Oh so guilty!   I work on a dairy farm and the other day I had to feed 2 newborn bulls and a beautiful heifer calf and then watch them be loaded on the beef truck along with one of my favorite old Jerseys.  I bawled all the way home, which isn't that unusual for me, 'cause I suck at farming.  Then read about you folks having to butcher your sheep, bawled some more, and then felt oh-so good that there's all these people who get it.   And I bet we all would have gotten it if you'd decided to eat her or if you'd decided to keep her as a pet.  It is SO good not to have justify your animal decisions!


----------



## bonbean01 (Oct 27, 2012)

Guess it's just the way it goes...we do come to love our animals for sure


----------



## Back to Nature (Feb 3, 2013)

> with feed bucket held low this time and bbgun just in case


?


----------



## bonbean01 (Feb 3, 2013)

I'm thinking back...and believe this is when I had a very baaaaad ram and trying to protect myself....got worse...not just ramming us, but the shed walls too...once you have to resort to carrying a bbgun to protect yourself after you  have tried everything else...it is time for that ram to go to the freezer.  It is not my idea of good husbandry, but sometimes you do what you have to when you are at your wit's end and cannot afford another injury...the freezer was a good choice in this case.

I'm thinking that is what you are referring to.


----------



## Back to Nature (Feb 3, 2013)

Well, that makes sense. The good thing about food animals is that if they're jerks, then, well... They're food.


----------



## bonbean01 (Feb 3, 2013)

True...our only regret is that we waited for it to get to that point.  He was a beautiful looking ram and made beautiful, healthy babies...parasite resistant and good hooves and shed off nicely...oh well...hope we do better when we pick our new ram lamb in the next month or so.


----------



## Back to Nature (Feb 4, 2013)

bonbean01 said:
			
		

> True...our only regret is that we waited for it to get to that point.  He was a beautiful looking ram and made beautiful, healthy babies...parasite resistant and good hooves and shed off nicely...oh well...hope we do better when we pick our new ram lamb in the next month or so.


I heard that carrying a stick helps, because when they're babies, if they try to head-butt you can rap them lightly with the stick. Do you think that would help?


----------



## bonbean01 (Feb 4, 2013)

There was no problem as a little guy...wasn't until he sexually matured...didn't care less about a stick and rap...water squirt gun worked for a little while, then .... nope...we never want to get the point of a bbgun every again...terrible animal husbandry in our opinion. 

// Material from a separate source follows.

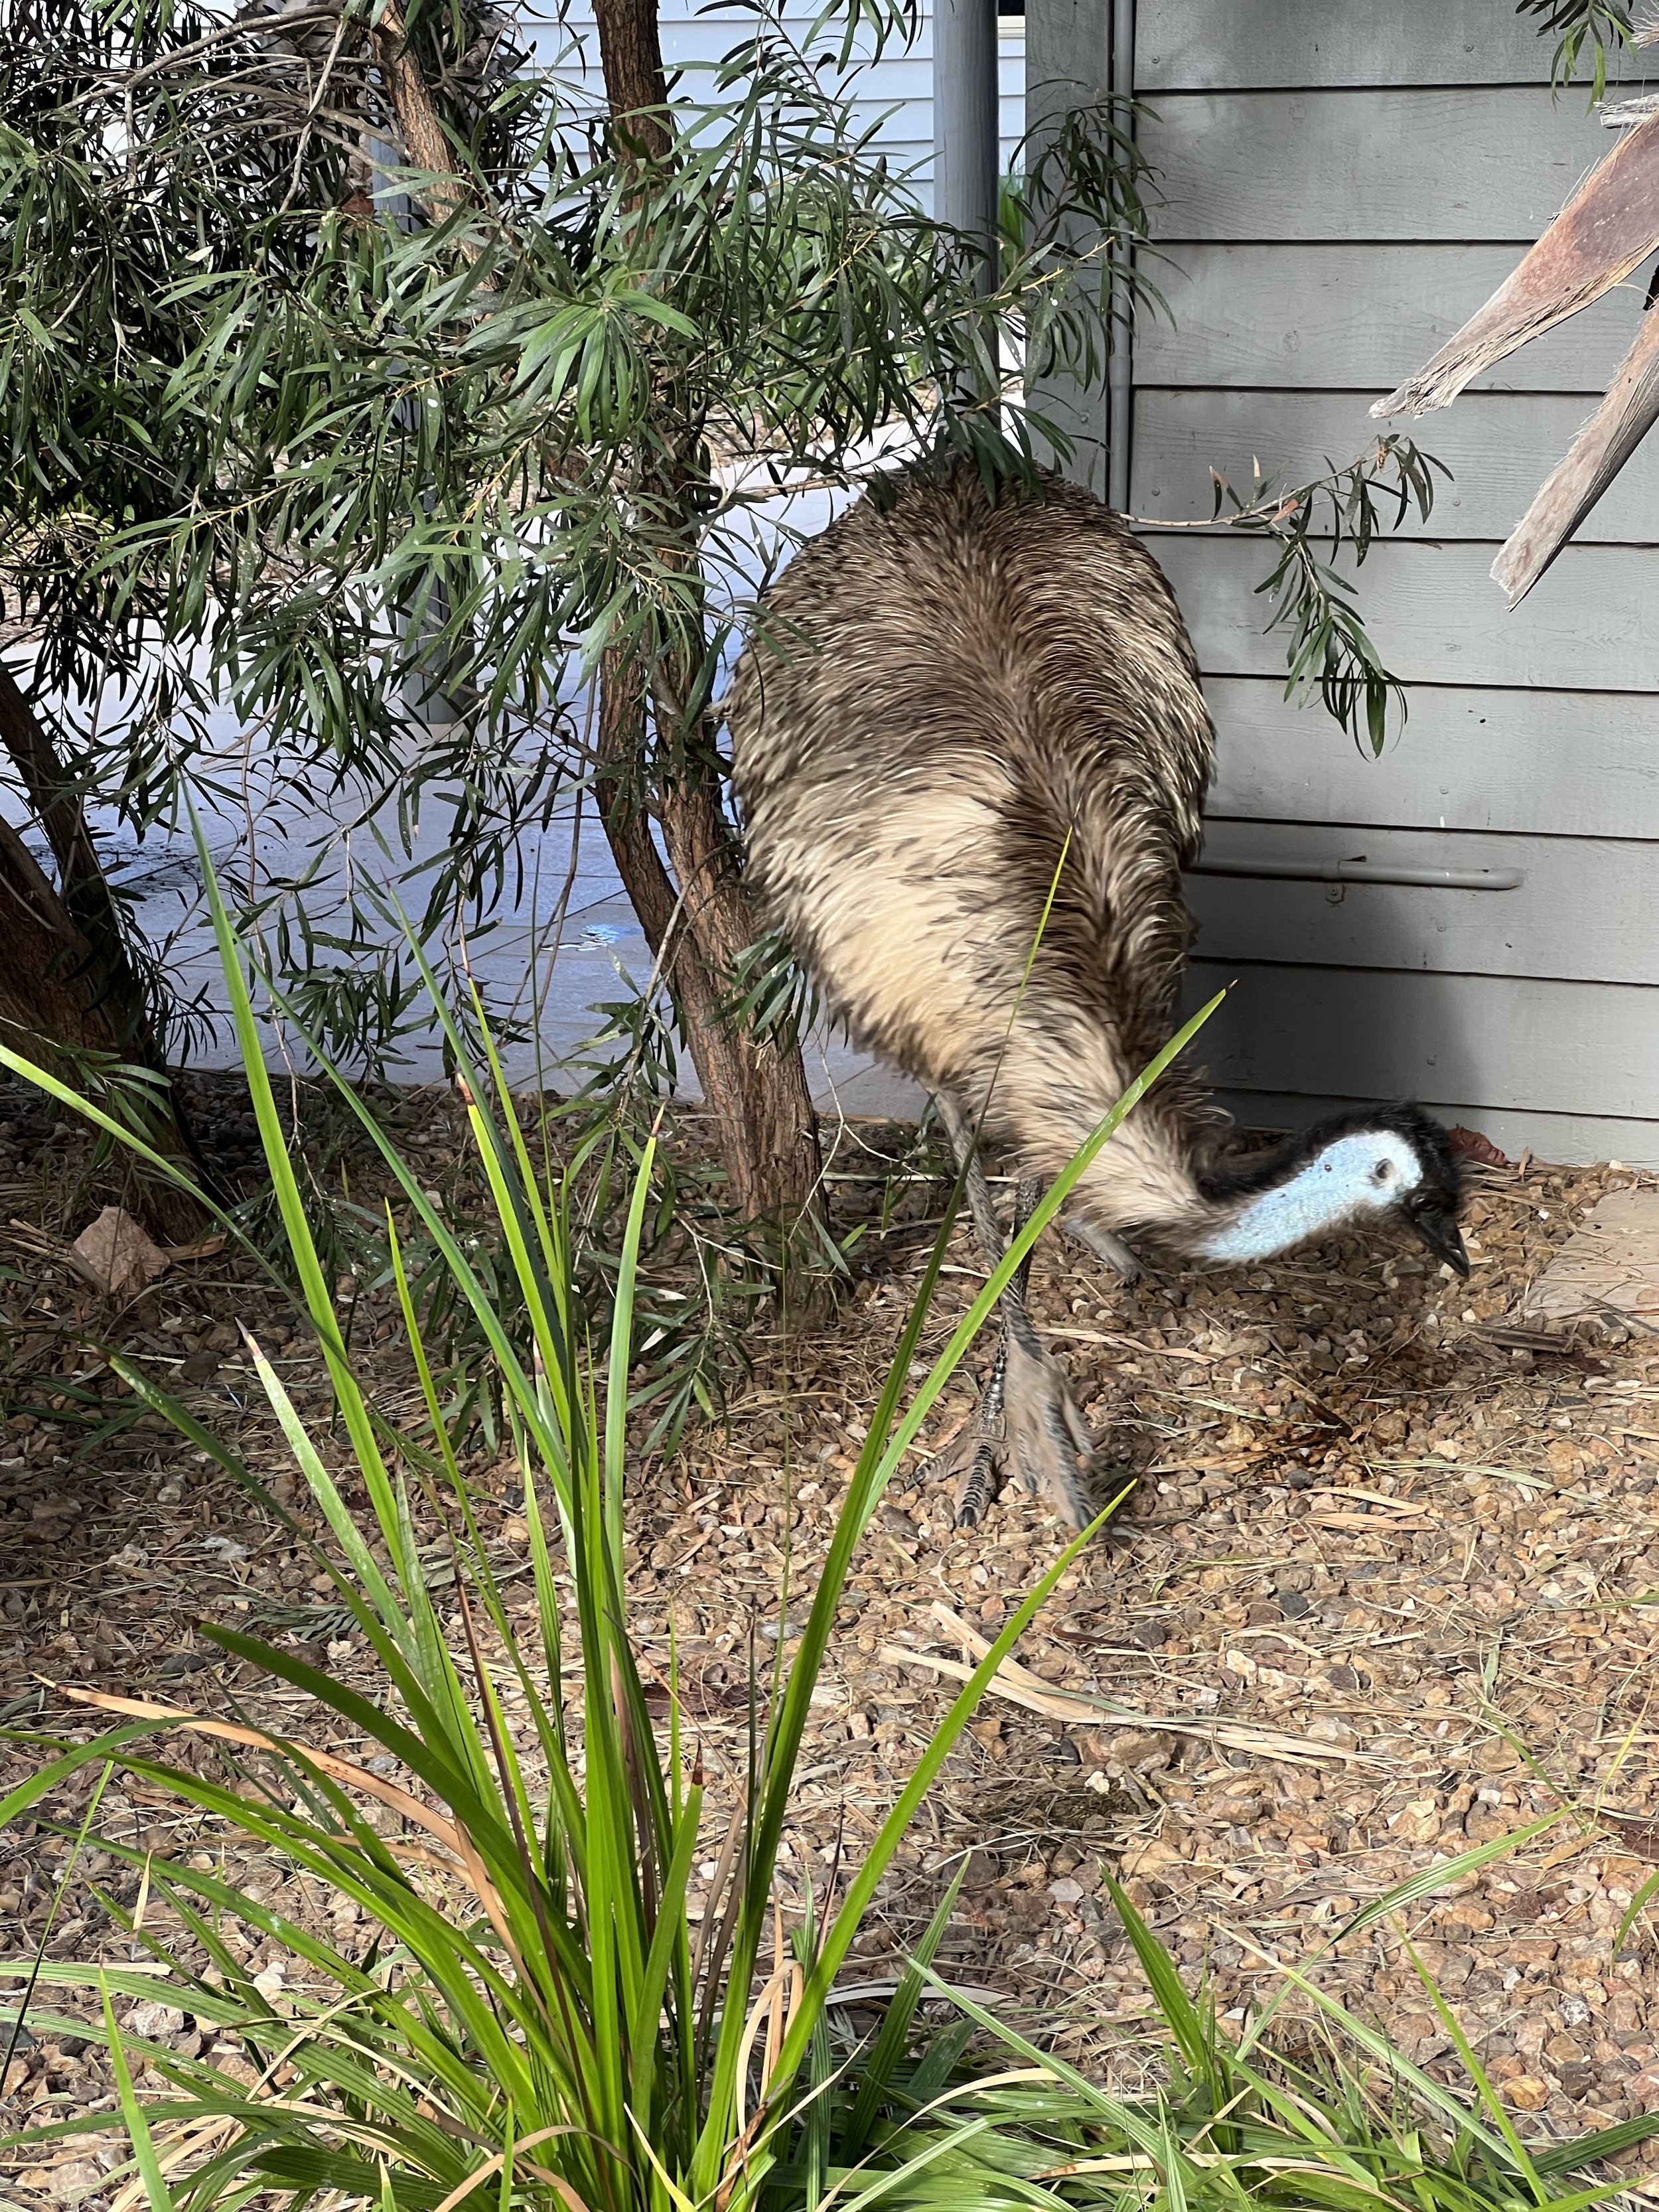 Finally some emus!

For people with very large pastures and tons of room and not putting them up in a smaller paddock each night, it works better with rams.  But our little operation and limited space and my fear of coyotes and neighbour's large stupid dogs that they let roam at night...well...it's the paddock with shelters, strong light all night...good strong field fence, and hot wires on the outside.  Means closer contact than would be ideal with a ram.  

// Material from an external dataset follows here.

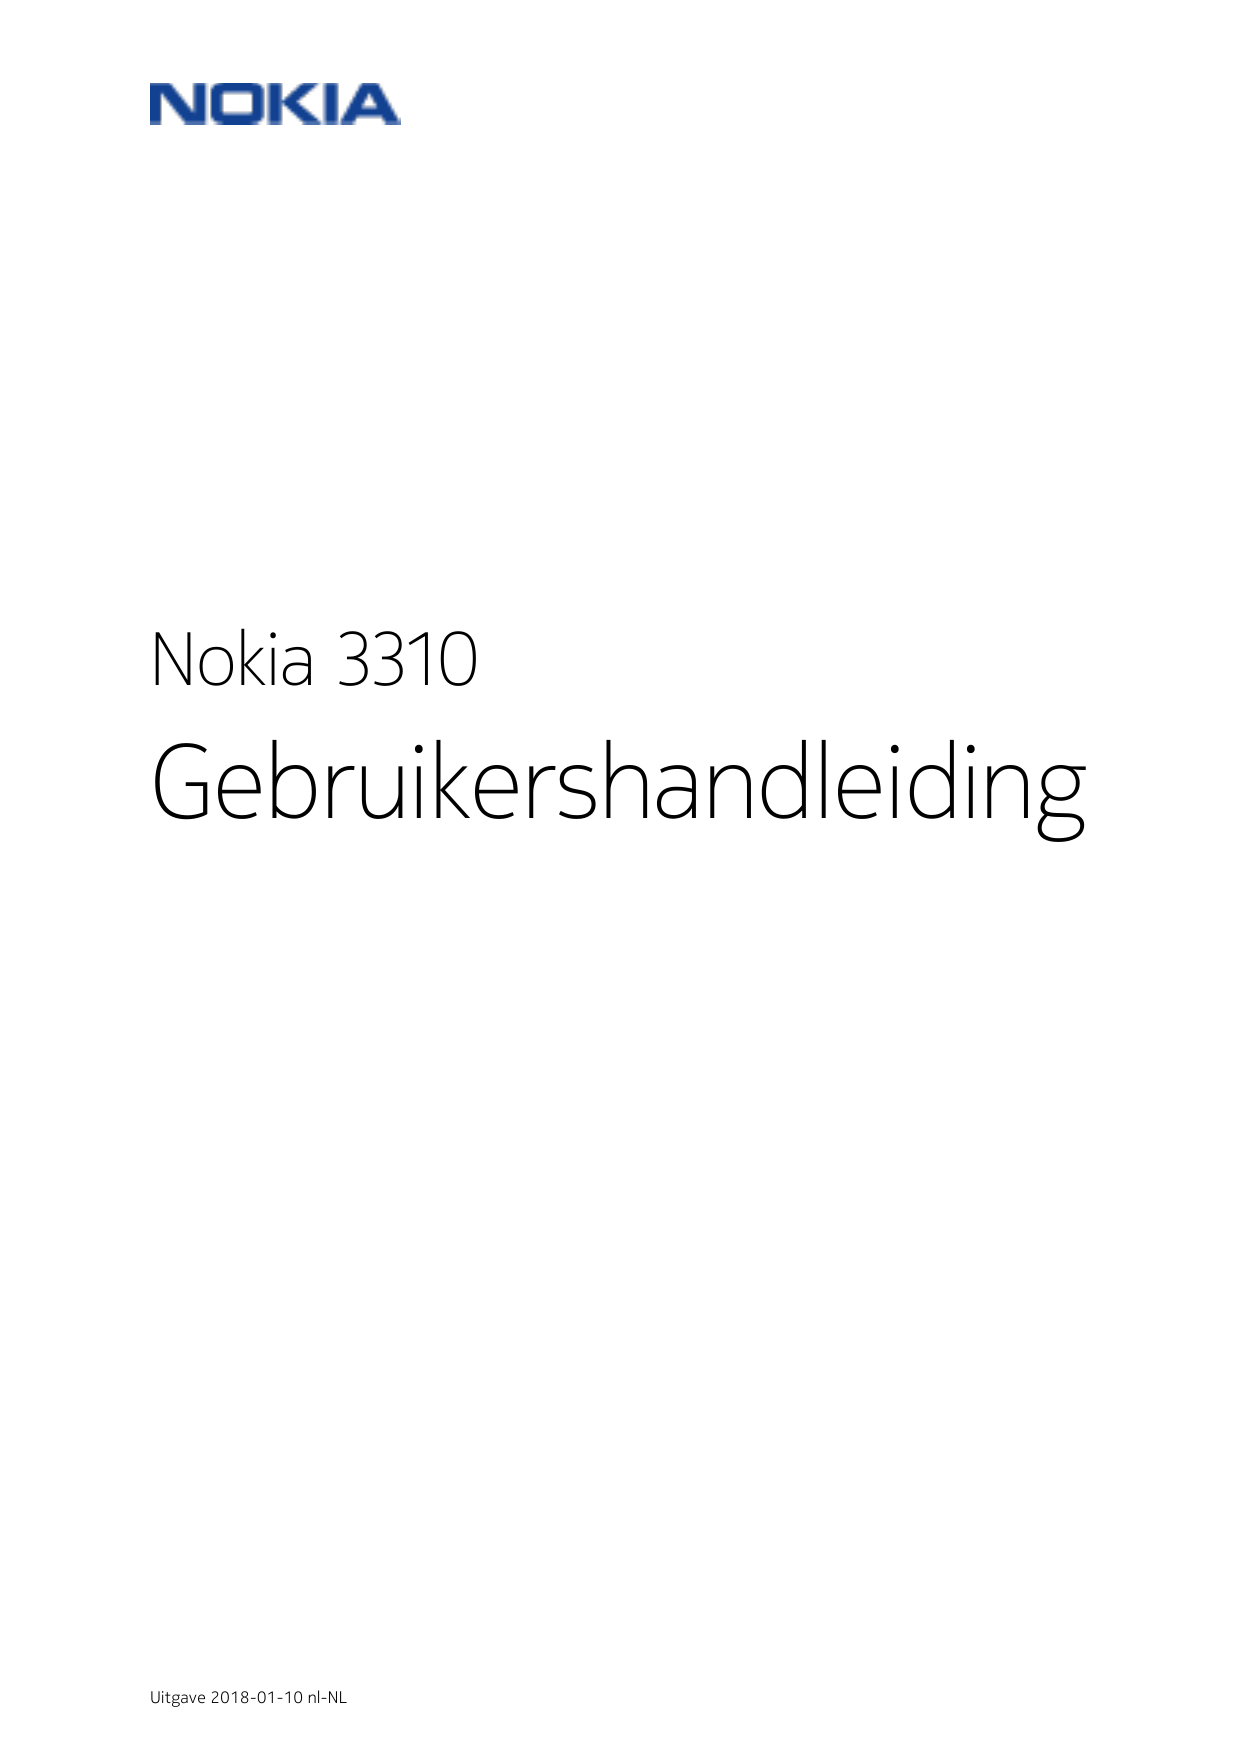 Nokia 3310GebruikershandleidingUitgave 2018-01-10 nl-NL

So...after this last ram and doing it all right from when we got him as a weanling and still having the same result as the first ram...we've decided to just get a new ram lamb every spring...avoids inbreeding too...and once a mature ram has done his deed for the year...will be going to the freezer...unless of course we get one that is lovely even at maturity...but then there is the problem with inbreeding still...but could be sold or traded if he was a safe ram.

We have a ram pen, but that just made him want to bash the shelter and doors besides us.


----------



## SkyWarrior (Feb 4, 2013)

I'm pretty sure it's just you.  I wouldn't stay up until  2 or 3 am reading BYH posts or answering questions or fretting over a doe.  Nope.  Not me.  Never.

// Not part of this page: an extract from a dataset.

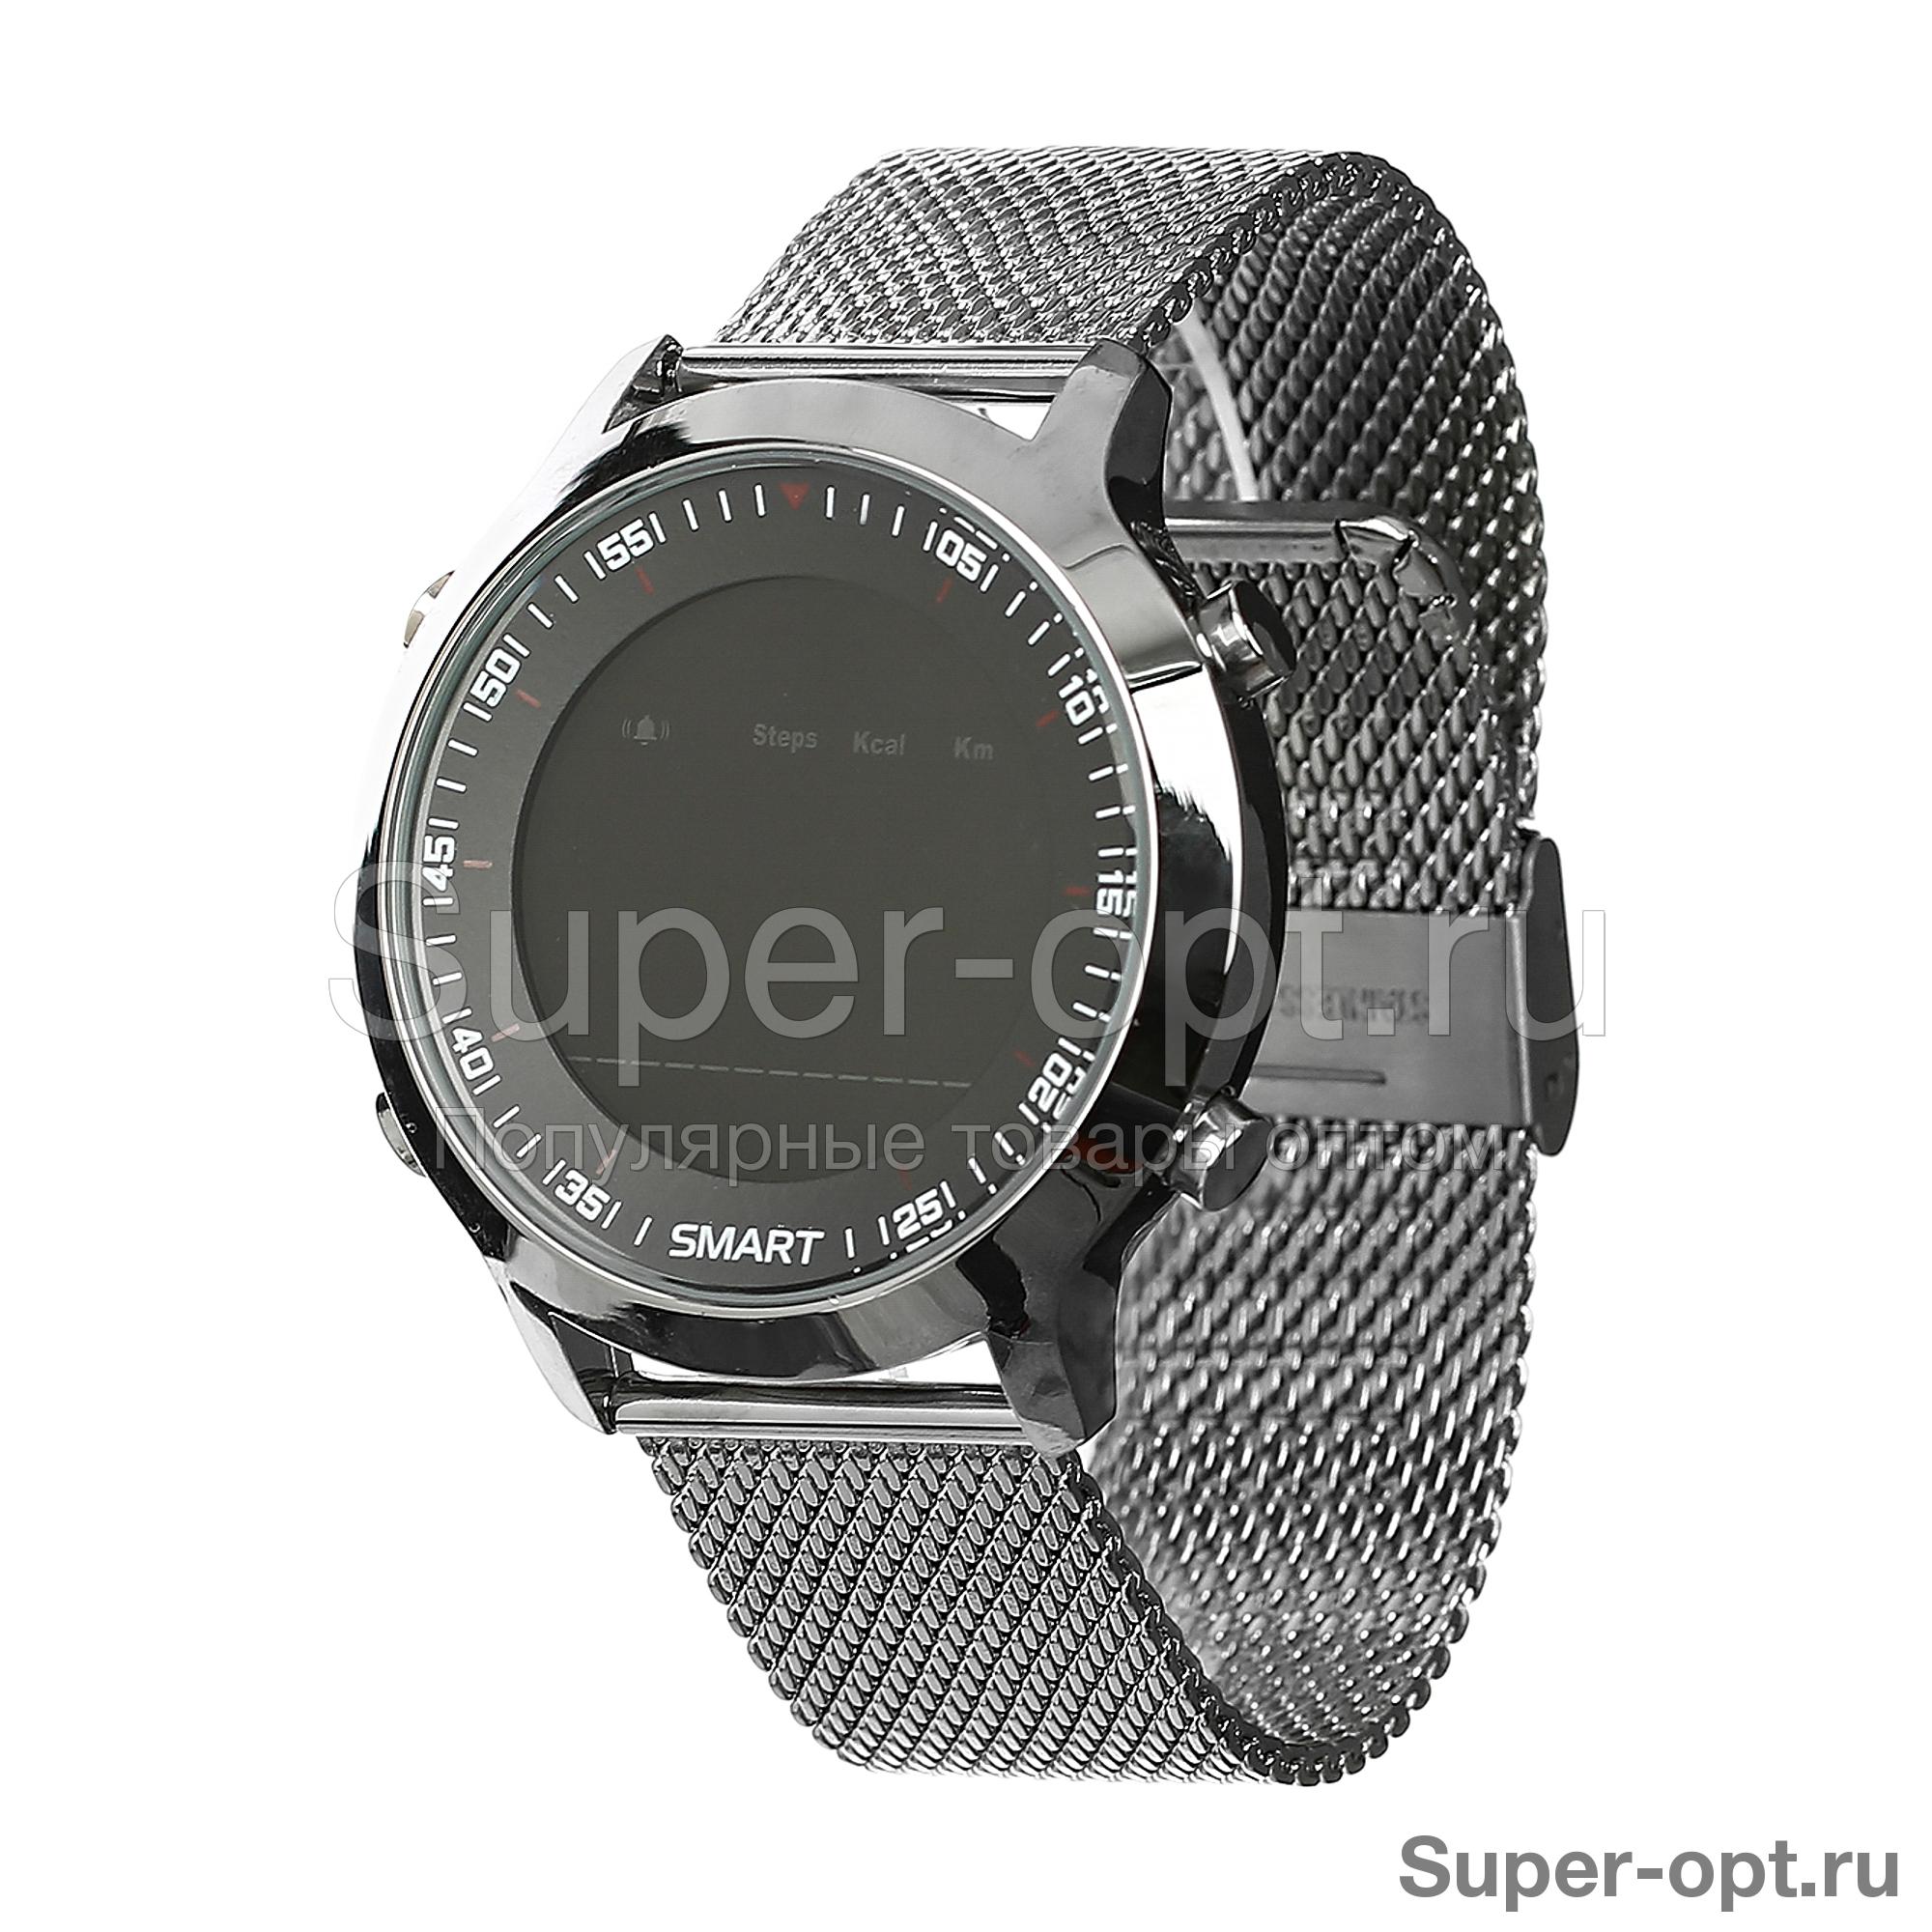 Watch all sports. Smart watch ex18. Часы Sport Smart watch ex18. Часы Smart elband ex 18. Умные часы XWATCH ex18 силикон.

Ignore all my timestamps.  They are wrong.


----------



## Shelly May (Feb 5, 2013)

Bonbean, Your next breeding ram lamb was born last night at my place, Big boy, I will get his weight today after work, he is dark chocolate and has a small white cap on his head, comes from excellent blood lines, Parasite resistant, big frame ewe (200 lbs). and most important he will be raised to never head butt a human


----------



## Southern by choice (Feb 5, 2013)

ok Bon... you really should take Shelly May up on this one!


----------



## CocoNUT (Feb 5, 2013)

Southern by choice said:
			
		

> I plead the 5th.......not sayin' a word


X2


----------